CT homeownership rate falling

Photos | Contributed The ratio of Connecticut owner-occupied households to total households fell 1.4% between 2014 and 2019, making it one of only two states that showed statistically significant decreases over those five years

Connecticut has long had an above average rate of homeownership compared to the rest of the country, but the gap has been narrowing in recent years, according to a new report from the U.S Census Bureau.

The ratio of Connecticut owner-occupied households to total households fell 1.4% between 2014 and 2019, making it one of only two states that showed statistically significant decreases over those five years, the report said.

The other was North Dakota, which had a steeper decline of 2.5%.

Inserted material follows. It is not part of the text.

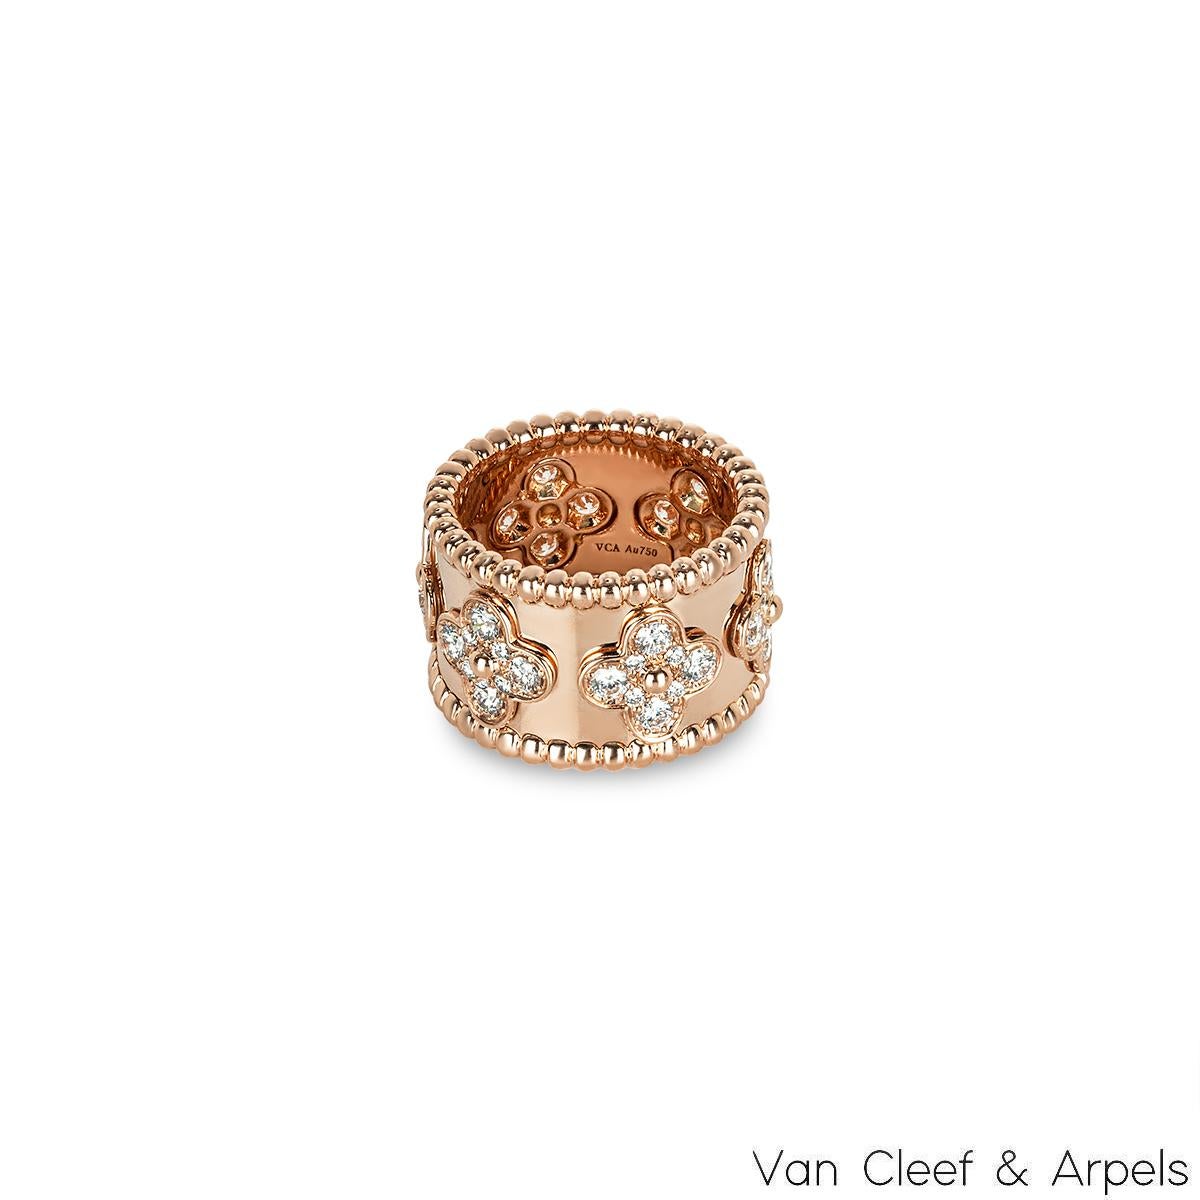 Van Cleef & Arpels Rose Gold Diamond Perlee Clovers Medium Ring In Excellent Condition For Sale In London, GB

In both Connecticut and the U.S., homeownership rates -- seen as a measure of economic well-being -- have fallen from their recent peaks just prior to the Great Recession, but while Connecticut saw a 2015-2019 decline (from 66.2% to 65%) the U.S. saw an uptick over that same period, from 64% to 64.1%.

HBJ
Census data shows that the homeownership gap between Connecticut and the U.S. has narrowed recently

“After multiple years of declines in the wake of the Great Recession, the homeownership rate has leveled off and even begun to show signs of a small rebound in recent years,” wrote Census survey statisticians and report co-authors Peter Mateyka and Christopher Mazur. “However, this national trend may not capture the specific experiences of individual states and counties, which varied in both the size and timing of homeownership rate changes during this period.”

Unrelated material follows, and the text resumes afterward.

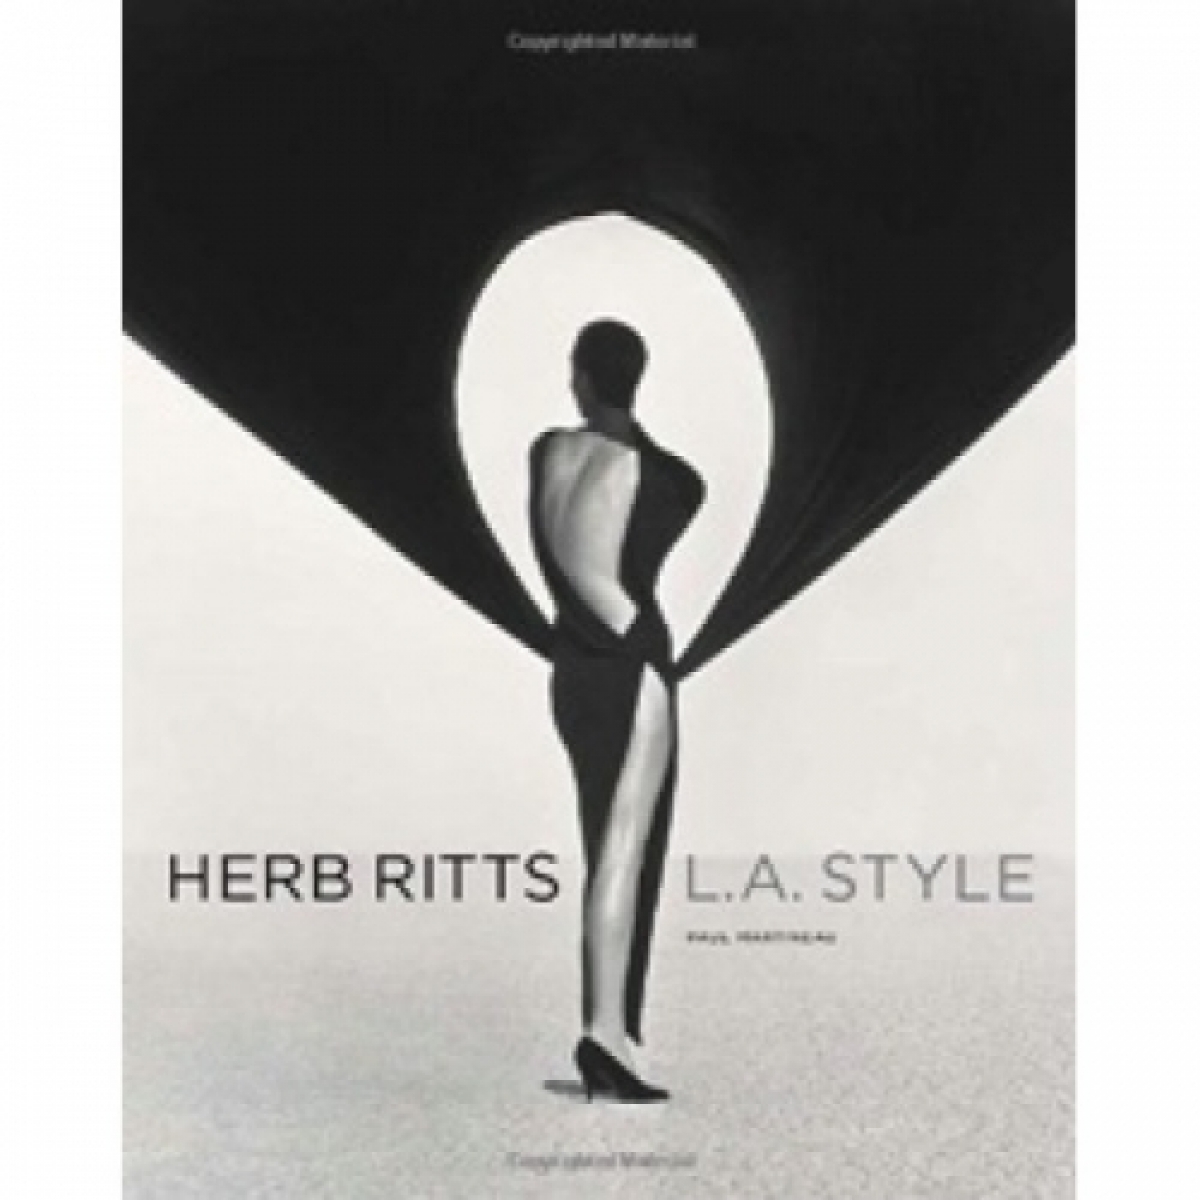 Herb Ritts: L.A. Style

The report makes use of new home ownership data released last December, which allowed the authors to compare three consecutive five-year periods (2005-2009, 2010-2014, and 2015-2019).

“The effects from the Great Recession and housing market crash were clear, resulting in widespread and long-lasting impacts to households’ abilities to own a home,” the authors wrote. “While recent years have witnessed an emerging rebound in homeownership, the global COVID-19 pandemic could pose a new challenge.”

Data to be released by the Census at the end of 2021 could start to reveal what impacts the pandemic has had on homeownership.

It also remains to be seen what impacts a relative boom in single-family home sales that began last summer will have on the homeownership picture.